Scanners
Jim Emerson
|
2007-01-08
The great Rufus Thomas, the World's Oldest Finest Teenager, does "The Breakdown" (follow-up to "The Contrarian").
"I enjoy the occasional flaying of a sacred cow."
-- anonymous movie critic
Can your monkey do the dog
Can your monkey do the dog
Well, my dog can monkey
just like you
But can your monkey do the do the do the
dog like I do?
-- Rufus Thomas
The first thing you'll notice about an auto-contrarian (or reactionary) piece, whether it's an op-ed column or a movie review, is that it doesn't so much try to build a point-by-point rebuttal or counter-argument. Instead, it prefers to disparage something or someone by association, by making ad hominem attacks on (real or imagined) supporters of whatever it scorns.

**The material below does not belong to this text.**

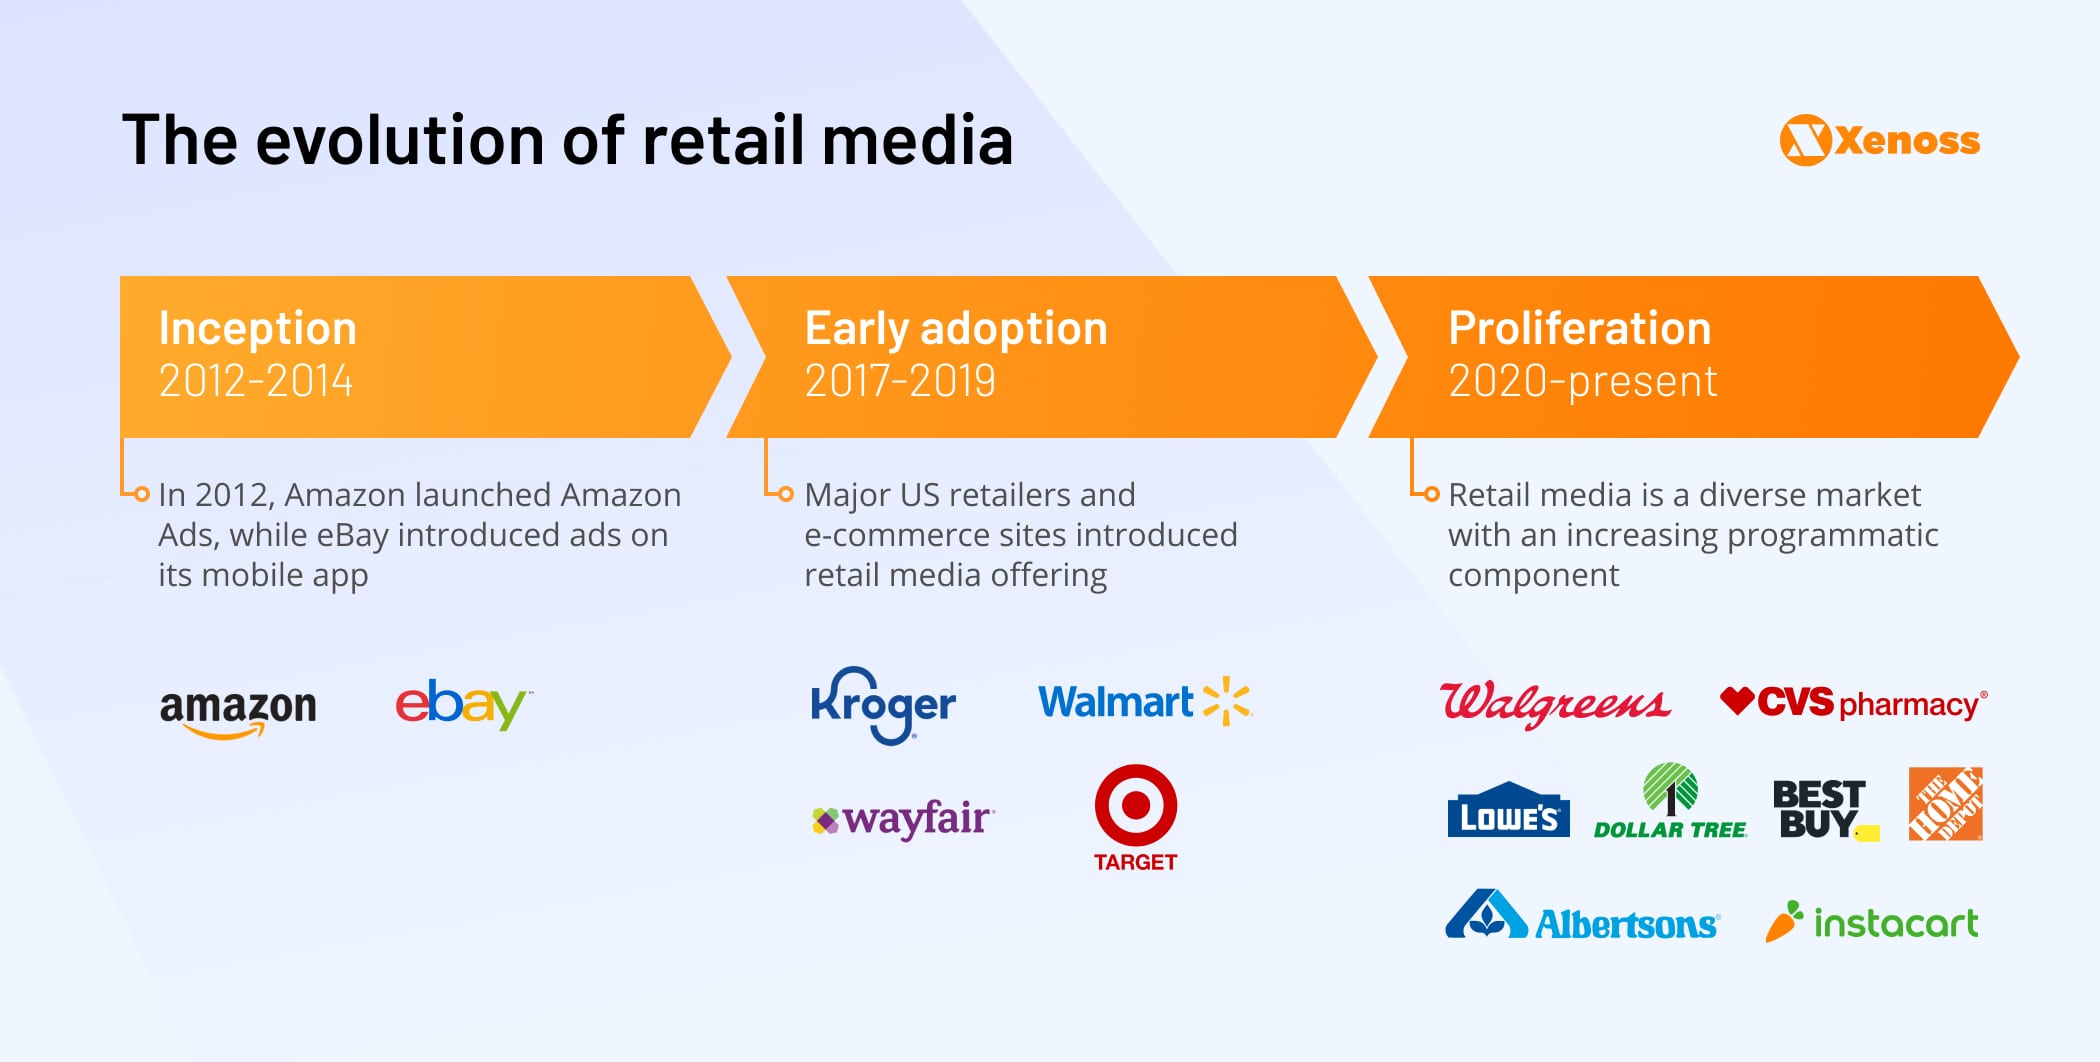 The evolution of retail media - Xenoss blog

So, for instance, when Stephen Metcalf writes a "What's All This, Then?" piece tearing down "The Searchers," he first attributes the film's reputation not to any merits it may or may not possess as a film, but simply to his generalizations about people who like it. Then he derides them as "film geeks," "nerd cultists," "critics whose careers emerged out of the rise of film studies as a discrete and self-respecting academic discipline," and filmmakers such as Martin Scorsese, Paul Schrader, Francis Ford Coppola, John Milius and George Lucas, whom he labels "well-credentialed nerds." So, you get the idea. Rather than make observations about the movie itself, you insult those who admire the movie and use that to smear the movie. It's a schoolyard tactic: If you like "The Searchers," you're a nerd! Notice how the discussion is no longer about the movie, but about who Metcalf thinks is a nerd. (And never mind that "The Searchers" is a "termite" movie : Critically overlooked/dismissed as just another western when it was released, it's a movie that grew in stature over time, as more critics and moviegoers got to see and evaluate it.)
If Metcalf had written a piece that dissected "The Searchers" from a new angle, that demonstrated what the film does (or fails to do) and why he felt that was or was not a worthy achievement, then I might have enjoyed his flailing of a sacred cow, too -- even if it didn't persuade me to change my own view of the cow. Moo. I find this sort of thing happens rather often, where I'll read a critic's take on a movie and think: "Wow, I'd probably feel the same way if I saw that movie, but that's just not the movie I experienced."